His head pops back into view and he says, “Portable generator. Makes all the difference. There are still a lot of gas lines running down here that I could tap into, but why worry.”

He starts to work at what it takes her a second to recognize as an espresso machine. And not one of those home models but a traditional, ornate, industrial job.

“I don’t believe this,” she mutters. She brings the camera up and pans around the place once, then puts it down on the table and stares at Propp.

With his back to her he says, “They don’t let you live in the Zone without an espresso machine. It’s a law.”

“How did you—”

“It nearly killed me, getting it down here. But it’s been worth it. Good espresso is such a small pleasure in the end, right?”

“How does the generator run?”

“Gasoline,” he says. “I do a little siphoning about once a week.”

“Siphoning?”

“Dupin Boulevard’s the best. I try to stay as far away from Bangkok as possible. But these days—”
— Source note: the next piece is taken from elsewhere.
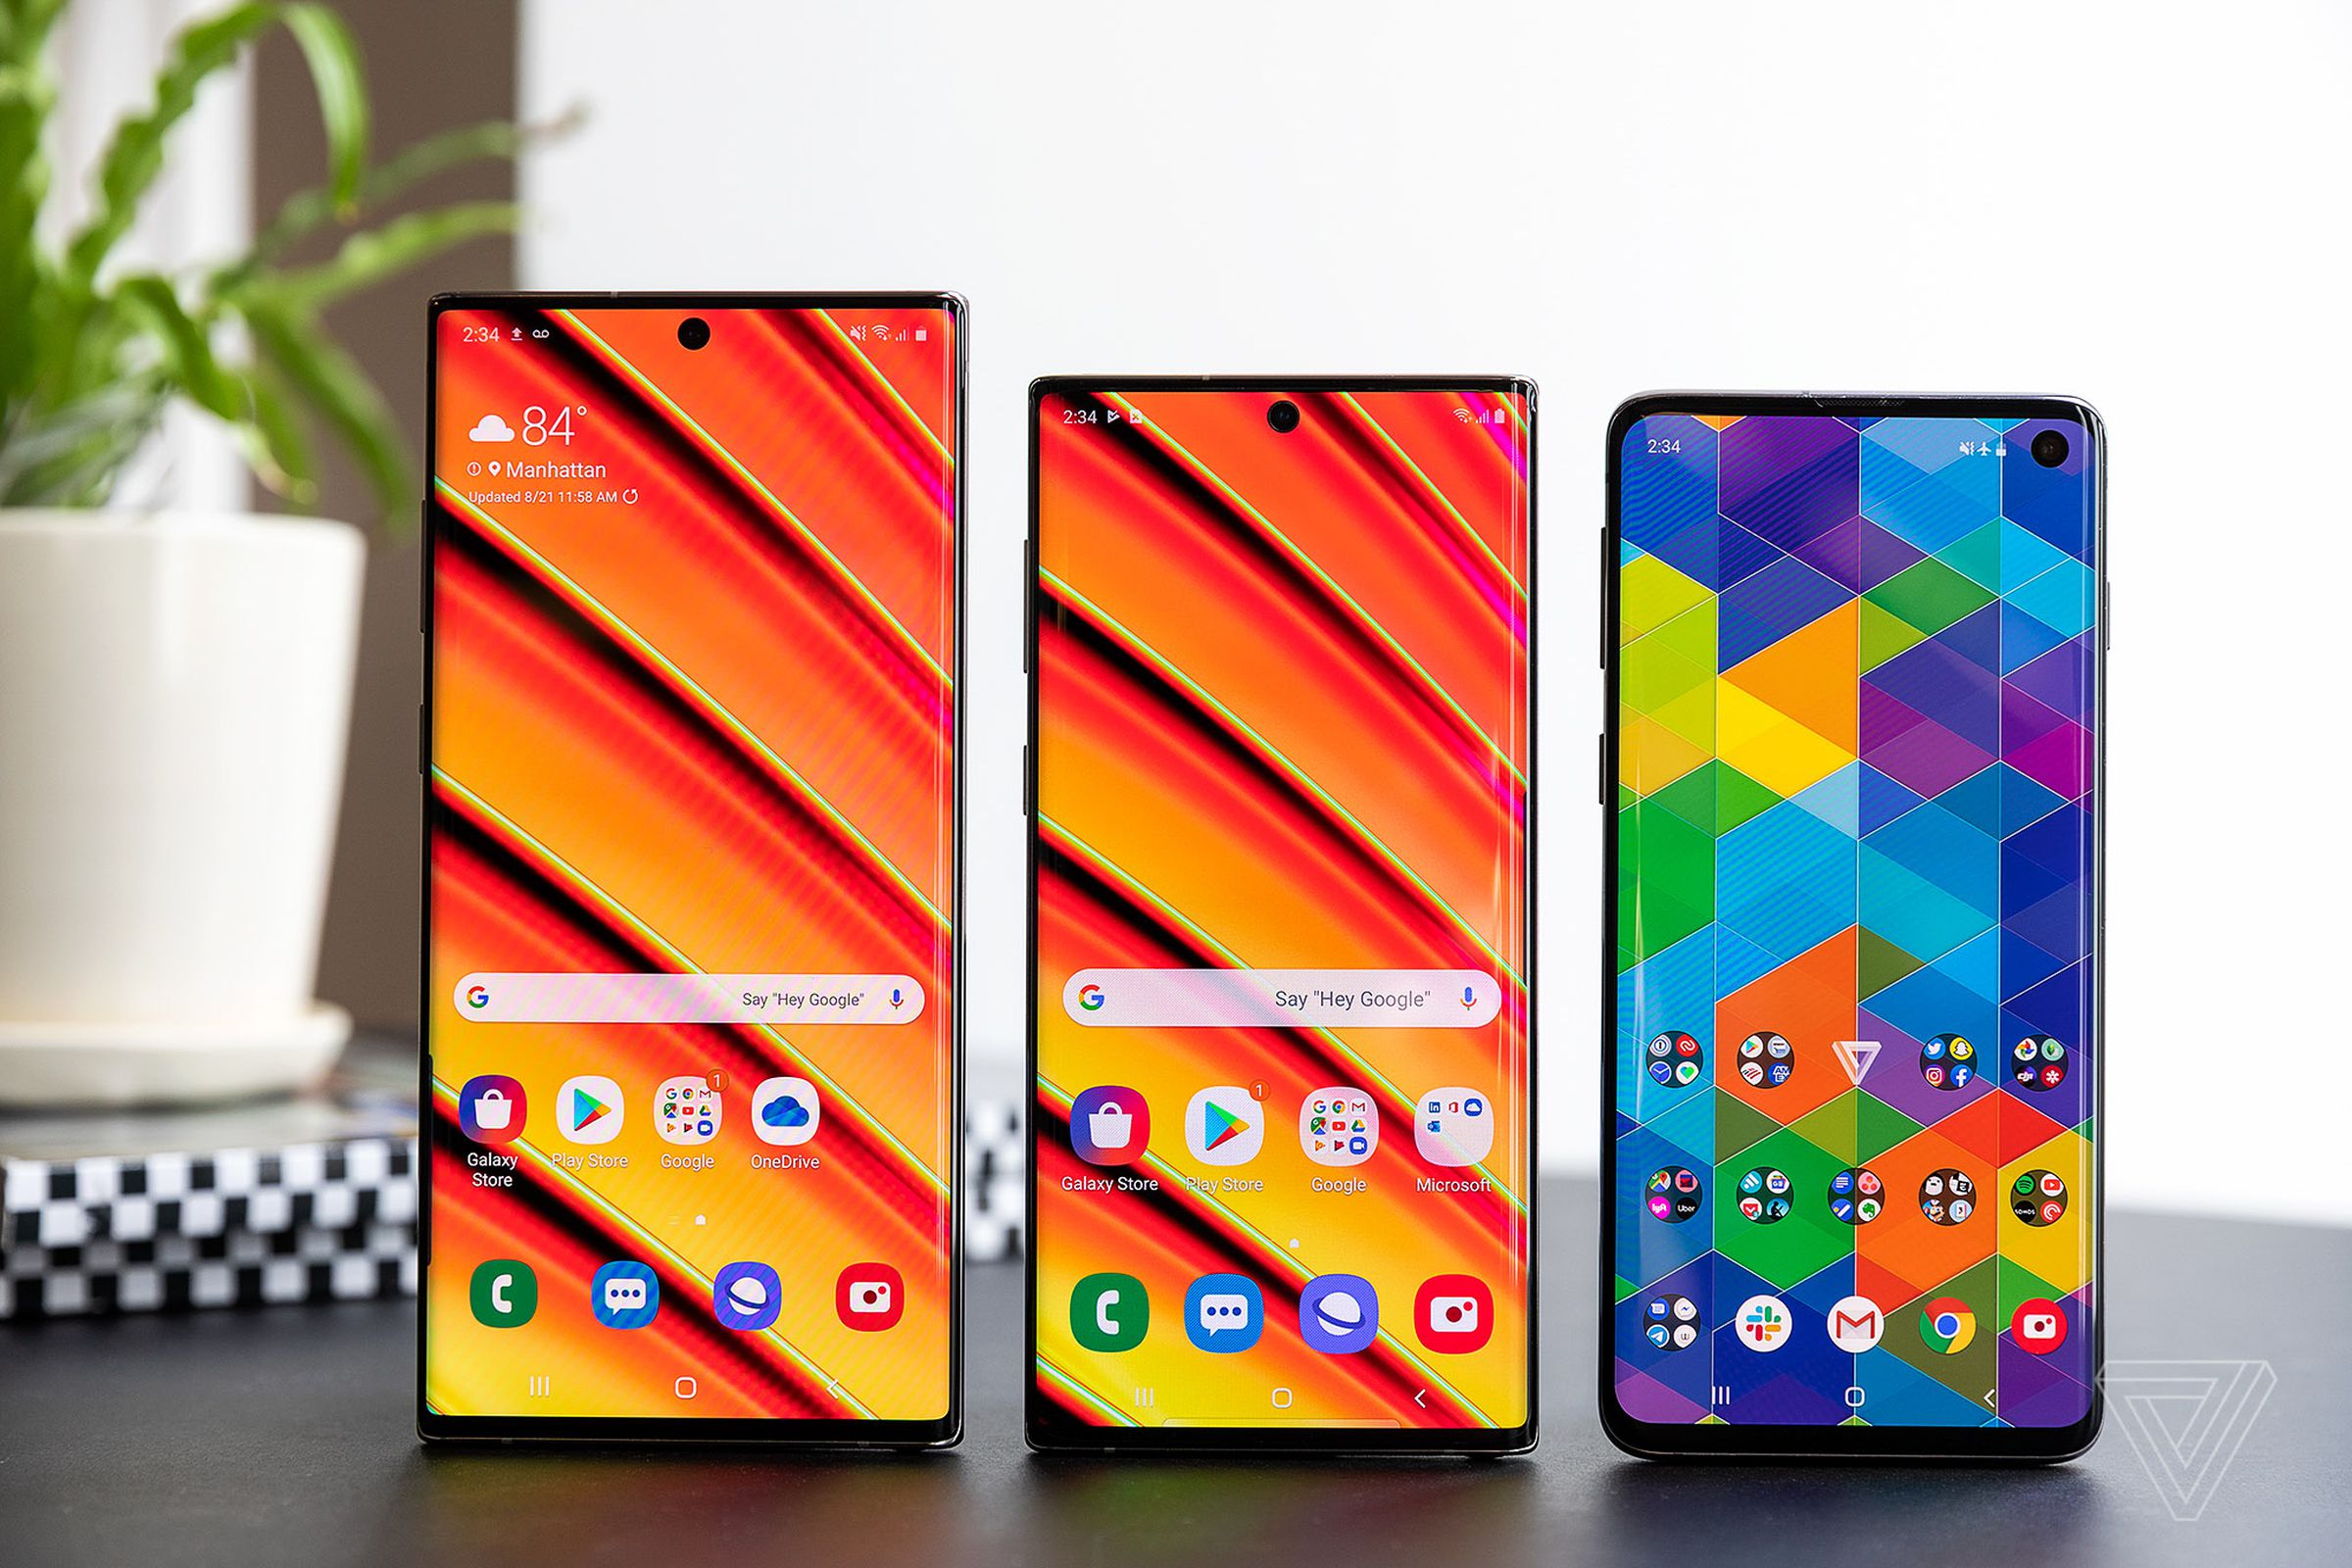 Left to right: Samsung Note 10 Plus, Note 10, Galaxy S10

“Wait a second. You steal the gas? Out of people’s cars?”

He turns around holding two coffee cups in his hands and with a smile on his face. “I’m sorry, Sylvia, does that offend you?”

“Forget it,” she says.

“I’m just curious,” he pushes. “My stealing a couple gallons of gas bothers you. But Hugo Schick and his vile little circus down on Watson Street give you no problem.”

She stares at him and when it’s clear he’s not going to continue, she tries to keep her voice even and says, “Okay. So you know everything about me. And I know nothing about you. Are you enjoying this?”

He gives her a slow shake of his head that says no, turns back to the espresso machine and says quietly, “Stay away from Schick, Sylvia. You have no idea what he can do to you.”

His words come out more as a plea than a threat and she stares at his back, unsure of what to say. But then her eyes drift to the stainless steel shelves above his head and she sees a line of ragged books. She reads some spines—The Phantom of the Poles. Soleri’s Arcology. The Journals of C. R. Teed. On the next shelf, she spots what look like old-time silver film canisters stacked side by side and bearing their titles in black ink on what looks like white adhesive tape. And she wants to laugh as she reads them off.